Влез. Самолёт полупустой. Сумрачно рассаживаются офицеры. 
Взлетели.
Через минут десять вошли в ураган. Это был неописуемо!!!
Летели вроде при незашедшем солнце, а вокруг тьма. В иллюминаторах -- белый мрак. Самолёт швыряет вверх-вниз и вбок, да ещё и наклоняет то на одно крыло, то на другое. И вдобавок – тяжёлые удары по вздрагиающему корпусу, как будто летим сквозь плотную завесу разрывов зенитных снарядов.  Снежные заряды колотят молотами. Смотрю на соседей. Зелёные, приникли, бедные, к «гигиеническим пакетам». Один, держа в руке уже полный, искательно оглядывается по сторонам,,
Я вытащил два из карманов кресел и, пройдя, хватаясь, конечно, за что придётся, подал их страдальцу. Поблагодарил взглядом, на большее уже сил не было.
Длился весь полёт, к сожалению, не больше часа!
Изумительный полёт. Чудо длиной в час! Тогда я впервые ПОЧУВСТВОВАЛ, ЧТО ЛЕЧУ!!!
Друг встретил прямо на лётном поле в машине «Скорой».
«Ну, - говорит, - спасибо телеграфу. Мы запросили у свердловского аэропорта список пассажиров и ты был там! Странно, что ты оказалася вдруг таким изобретательным в смысле профессии.. Обычно... » – Пауза многозначащая.--
«К ночи ураган опять усилился и теперь несколько дней будет буйствовать. Так что тебе здорово повезло...»

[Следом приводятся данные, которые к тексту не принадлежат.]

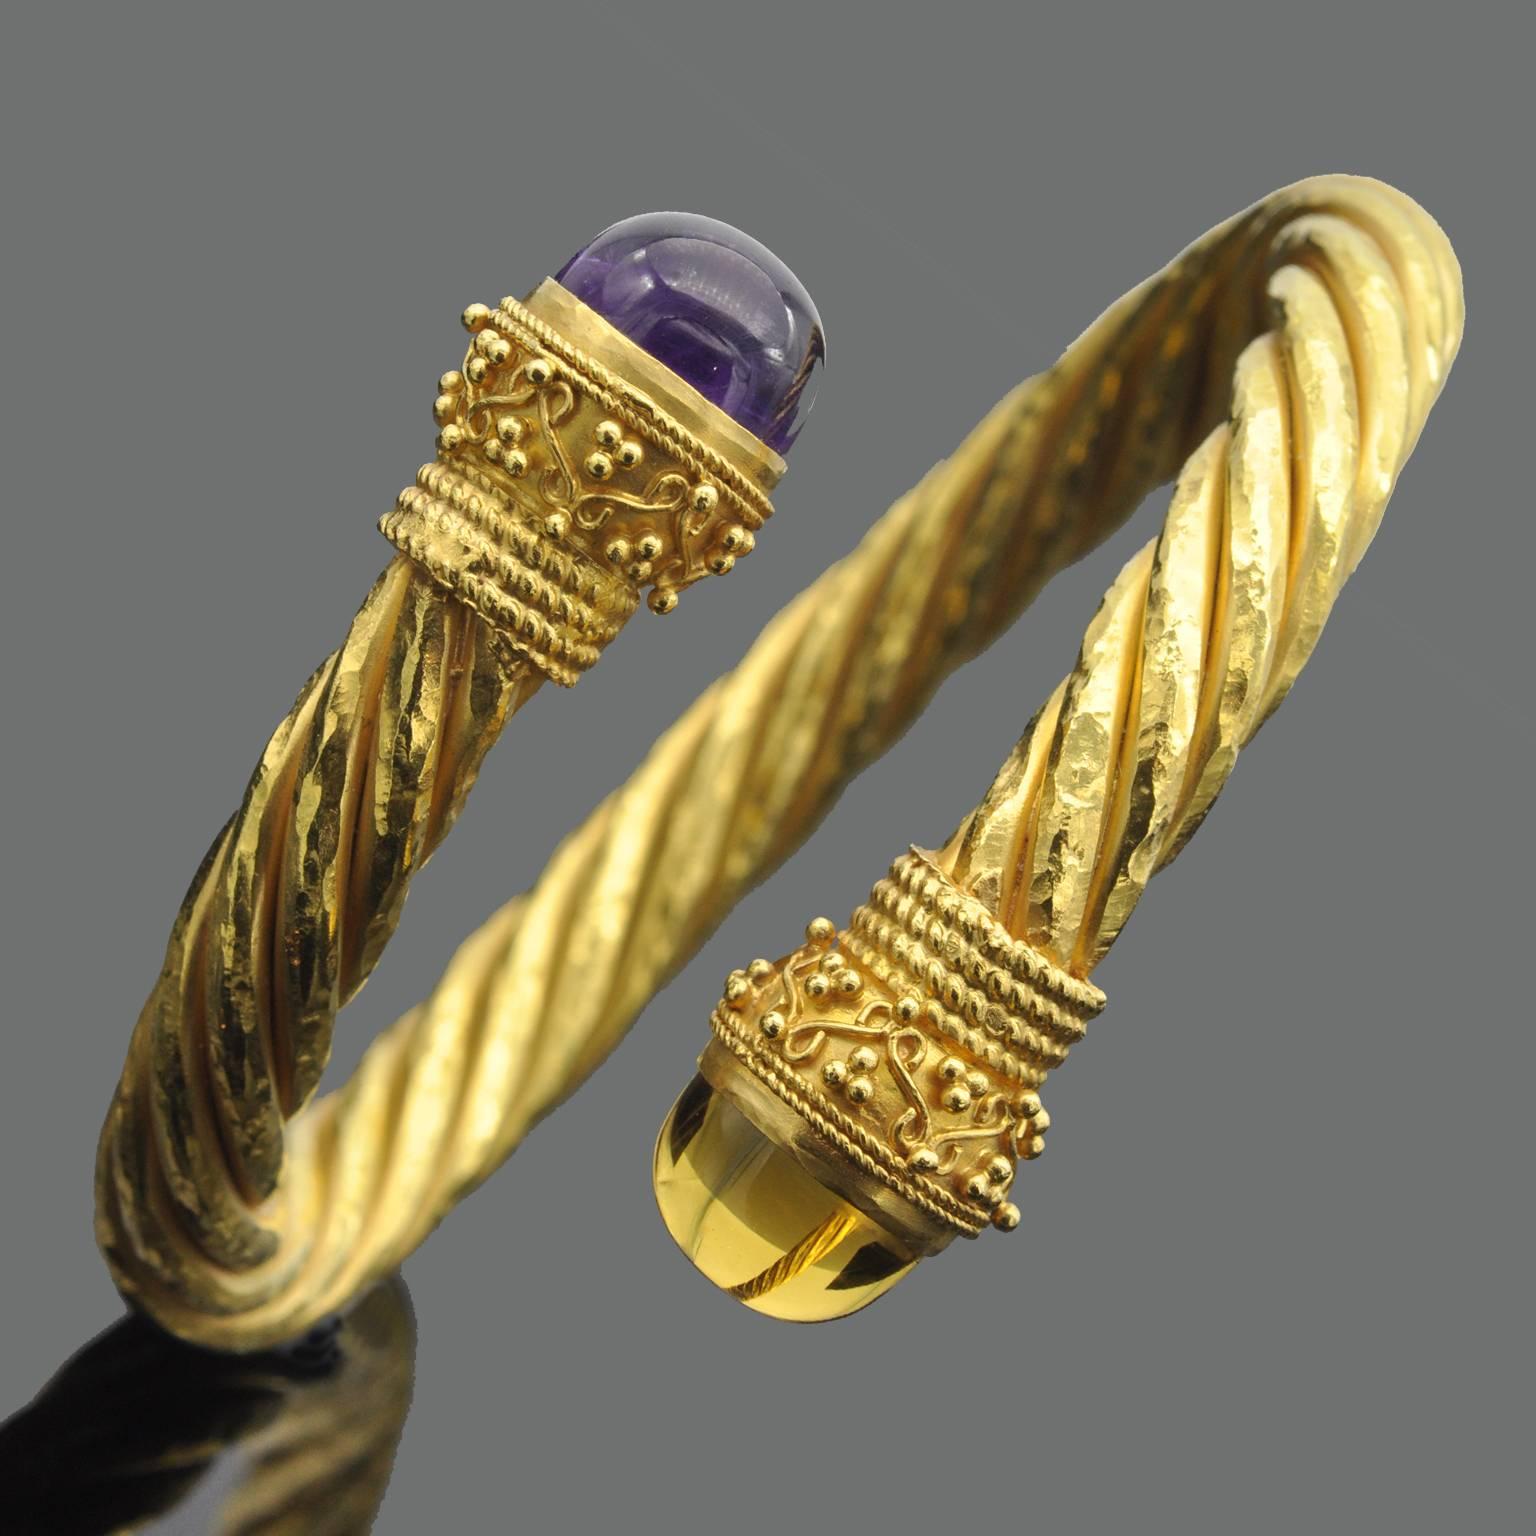 Greek revival even etruscan revival ! hammered gold , twirls, amethyst and citrine cabochon bezel set. Highly desirable bracelet.
You can wear two together ( see ref LU47233574661 )

Почему я описываю СВОИ переживания, когда заметка посвящена Уточкину?
Да потому, что, думаю, он испытывал схожие ощущения.
Эйфория полёта!

«Или восторг самозабвенья
Губительный изведал ты,
Безумно возжелал паденья
И сам остановил винты?

Иль отравил твой мозг несчастный
Грядущих войн ужасный вид:
Ночной летун во мгле ненастной
Земле несущий динамит?»

Январь 1912г.
Александр Блок. «Авиатор»
Блок присутствовал при  последнем полёте авиатора В.Ф.Смита, который 14 мая 1911 года разбился на глазах у собравшейся публики.

J.W.Goethe сказал как-то:
«Кто был хоть раз в Риме, тот никогда уже не будет так счастлив или несчастлив, как раньше.»
ЧТО он хотел сказать этим?
Что Рим МЕНЯЕТ ЧЕЛОВЕКА. Его душу, его ОБРАЗ МЫШЛЕНИЯ.
И ПОЛЁТ ТОЖЕ!
И потому -- земной поклон Уточкину за это чувство!